- Born: 12 November 1911 Dibrugarh, Assam, India
- Died: 20 December 1994 (aged 83) Guwahati, Assam
- Occupation: Social Worker
- Known for: Social Service
- Awards: Padma Shri (1954); Jamnalal Bajaj Award (1981);

= Amalprava Das =

Indian social worker and founder of Kasturba Ashramam (1911–1994)

Amalprava Das, also known as Amal Prabha Das, (1911–1994) was an Indian social worker, Gandhian and the founder of Kasturba Ashram at Sarania Hills, Assam, a self help group for women and their economic upliftment and Guwahati Yubak Sevadal, a non governmental organization working for the social development of harijans. The Government of India honoured her in 1954, with the award of Padma Shri, the fourth highest Indian civilian award for her contributions to the society, placing her among the first recipients of the award. A recipient of the 1981 Jamnalal Bajaj Award, Das was honoured again by the Government of India with the second highest civilian award of Padma Vibhushan which she declined to accept.

== Early life and work ==
Amalprava was born on 12 November 1911 in a rich family to noted Gandhian couple, Hare Krishna Das and Hema Prabha Das in Dibrugarh in the Northeast Indian state of Assam.
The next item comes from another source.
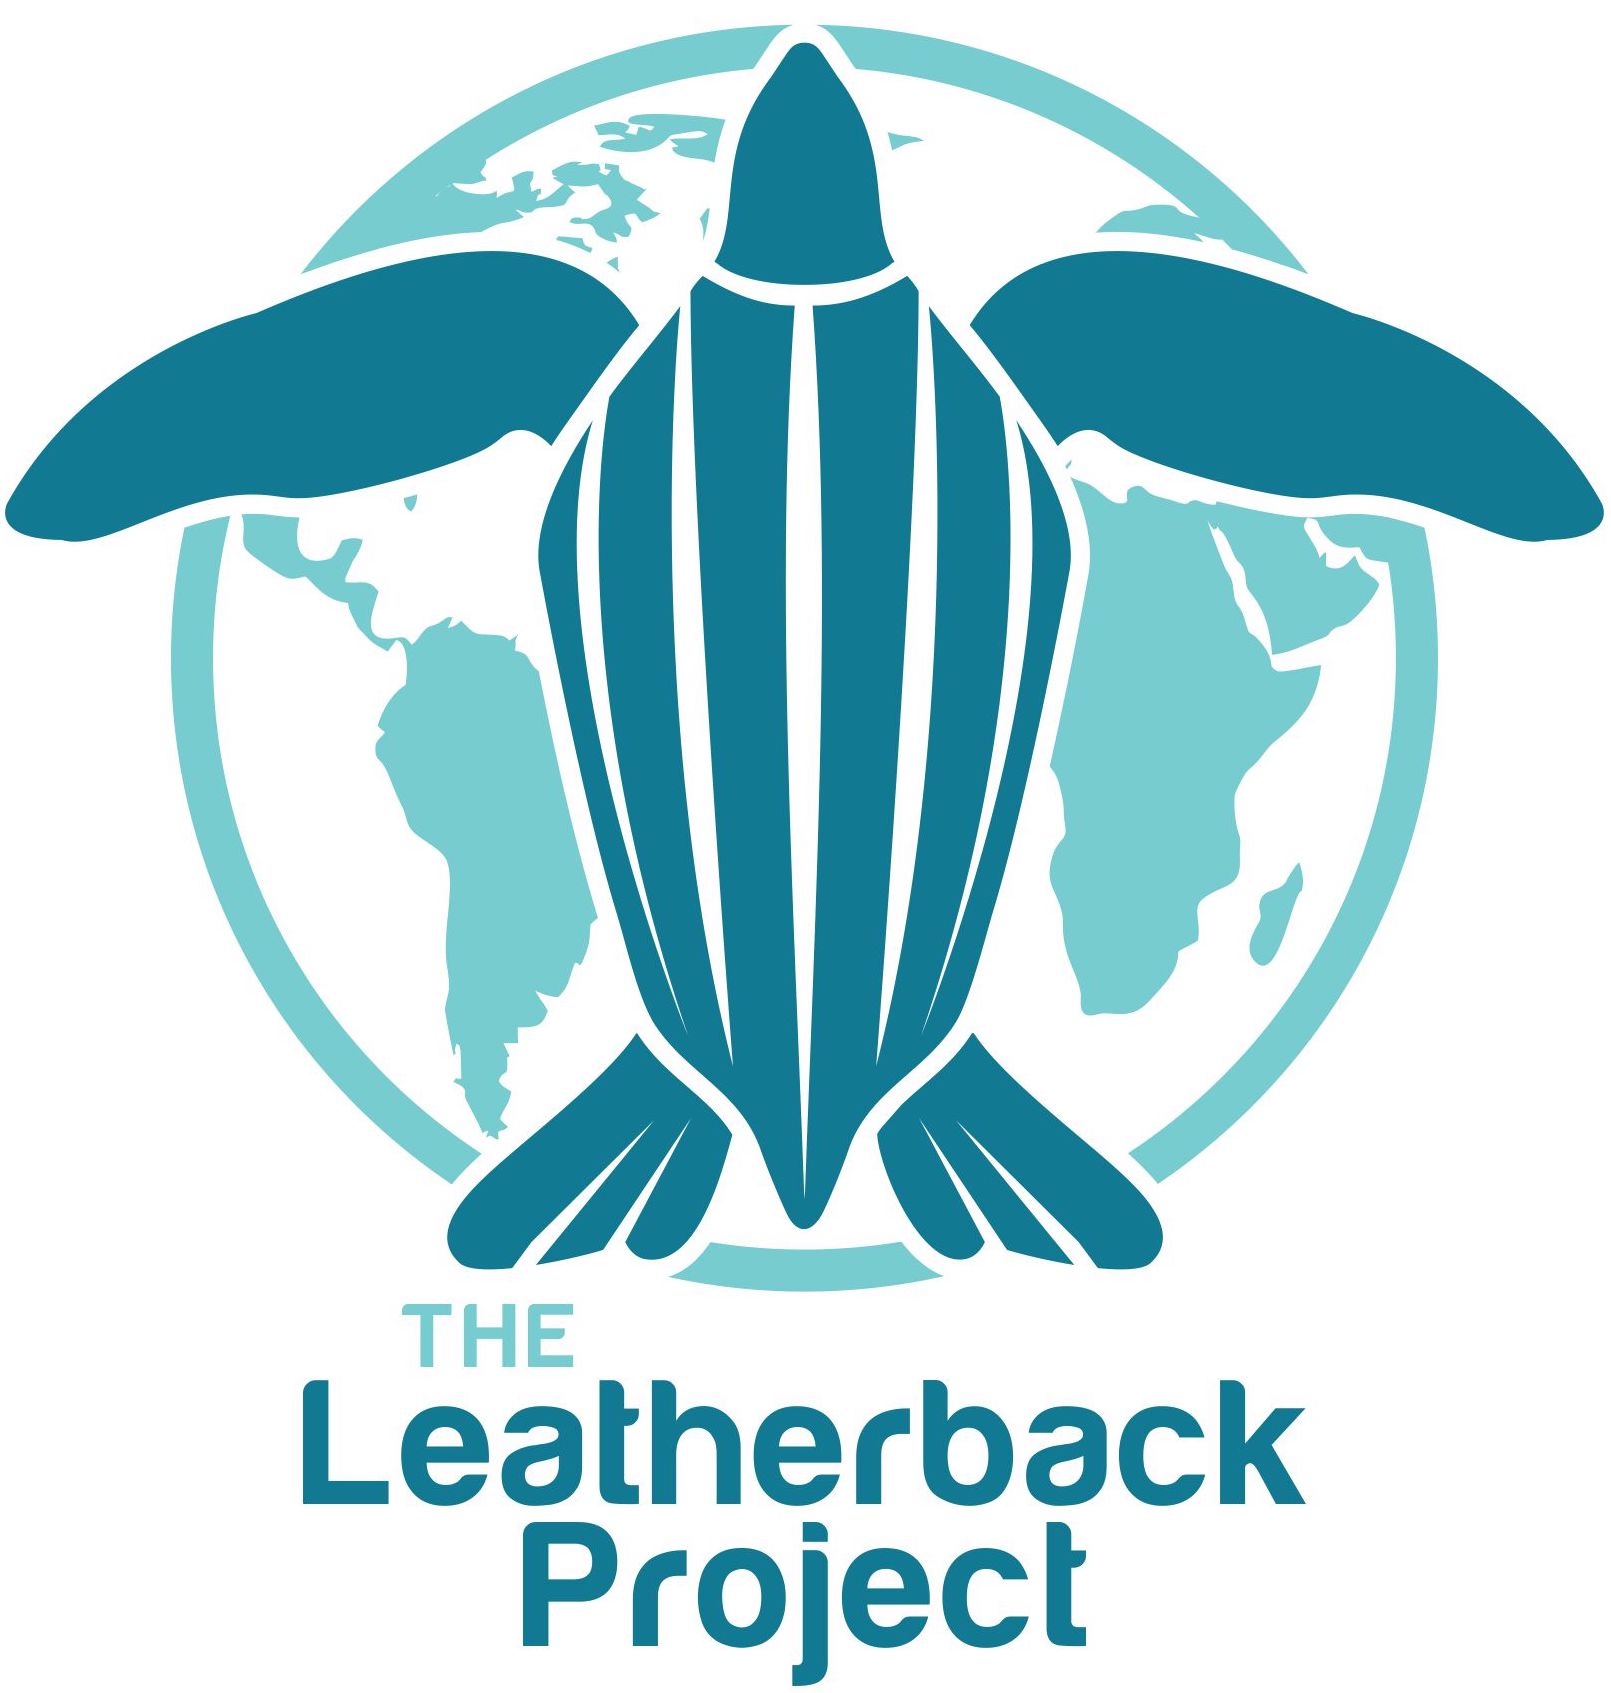 The Leatherback Project logo

She did her schooling at local educational institutions, but was denied admission at the local Cotton College and had to move to Bethune College in Calcutta for college studies from where she passed the school leaving (or university entrance) examination in 1929. Later she joined the Scottish Church College and earned a bachelor's degree (BSc) in chemistry and a master's degree (MSc) in applied chemistry, and in so doing, became the first Assamese woman to obtain a master's degree in science. She continued her studies to gain a diploma in clinical pathology and refused a teaching job at the British run Cotton College citing patriotic reasons.
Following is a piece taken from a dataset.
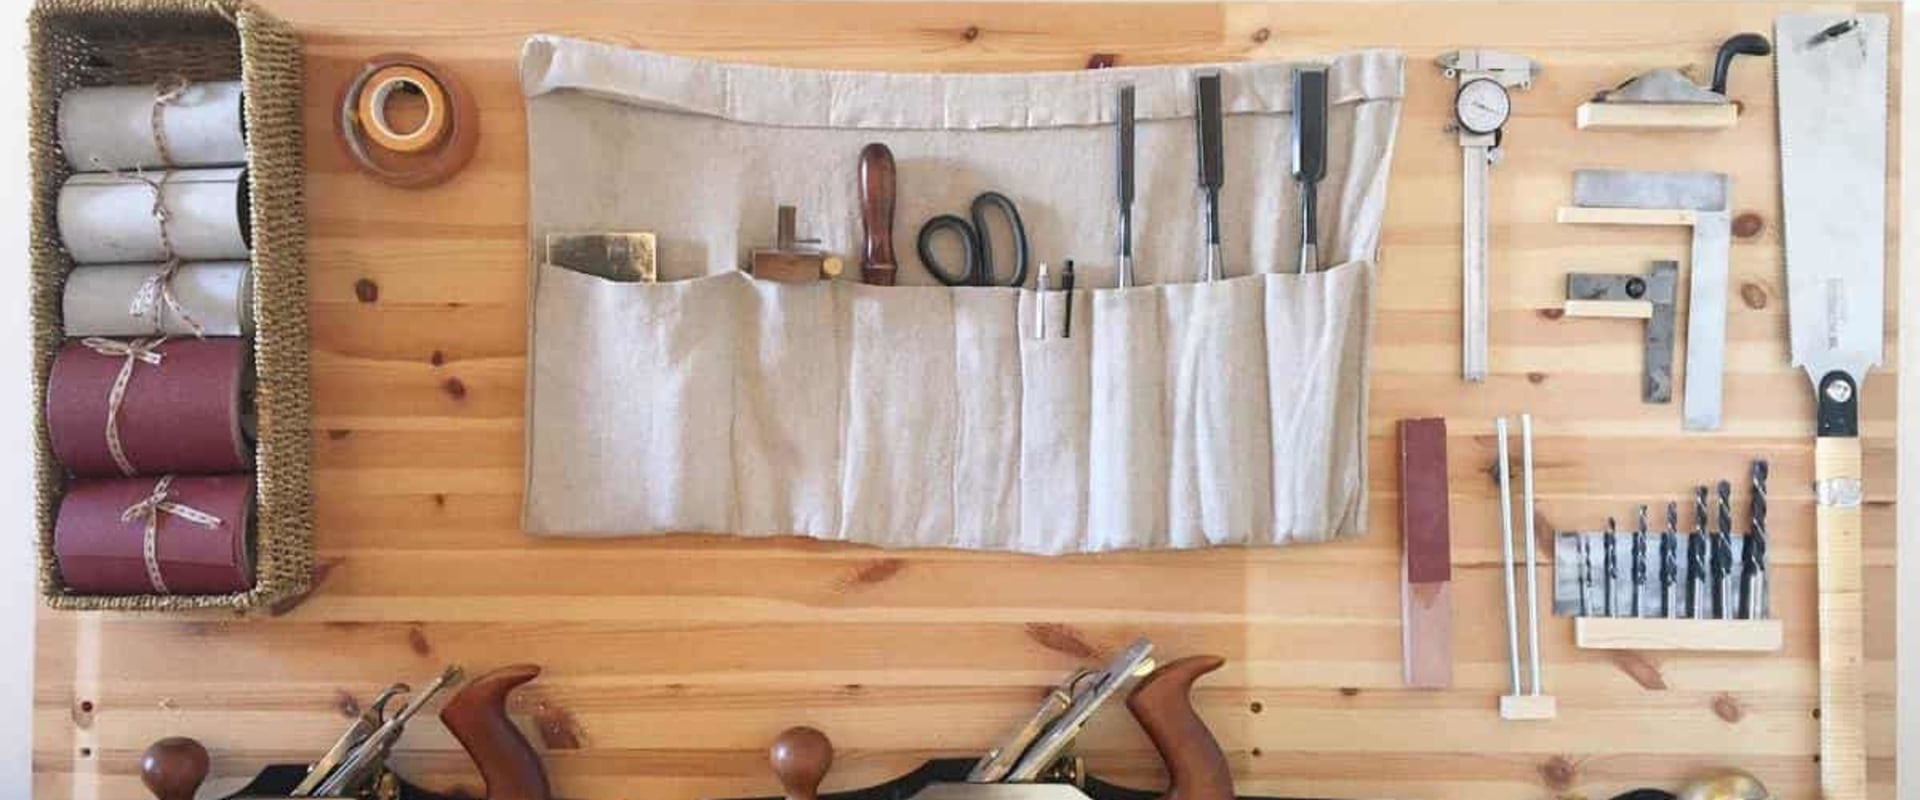 What are the ways to store your hand tools?

In 1934 Das had an opportunity to interact with Mahatma Gandhi when the leader of the Indian freedom movement stayed at her house during a visit to Guwahati. This meeting is reported to have influenced her and guided her in her future endeavors. She established Sarania Ashram (later renamed as Kasturba Ashram) in a property owned by her father in Sarania Hills which was later donated to Kasturba Memorial Trust. Under the aegis of the ashram, she organized training for the womenfolk of the village in cottage industries so that they might become financially self-reliant. She also founded several institutions such as Gram Sevika Vidyalaya, Kasturba Kalyan Kendra, Gauhati Katai Mandal, Guwahati Yubak Sevadal and Assam Go-Seva Samiti.

== Honours and awards ==
When the Government of India introduced the Padma Awards in 1954, she was included for the award of Padma Shri. She received the Jamnalal Bajaj Award in 1981 for "Outstanding Contribution in Constructive Work". The Government of India selected her later for the second highest civilian award of Padma Vibhushan, but she declined the award due to apathy towards public honours. Her life and times have been recorded in the book, A Biography, published in 1986, after her demise.

The Department of Social Welfare of the Government of Assam has instituted an award in her honour, Amal Prava Das Award which is being awarded for commitment and excellence in social service since 2013. The department is in the process of making a documentary depicting the life of Amalprava Das.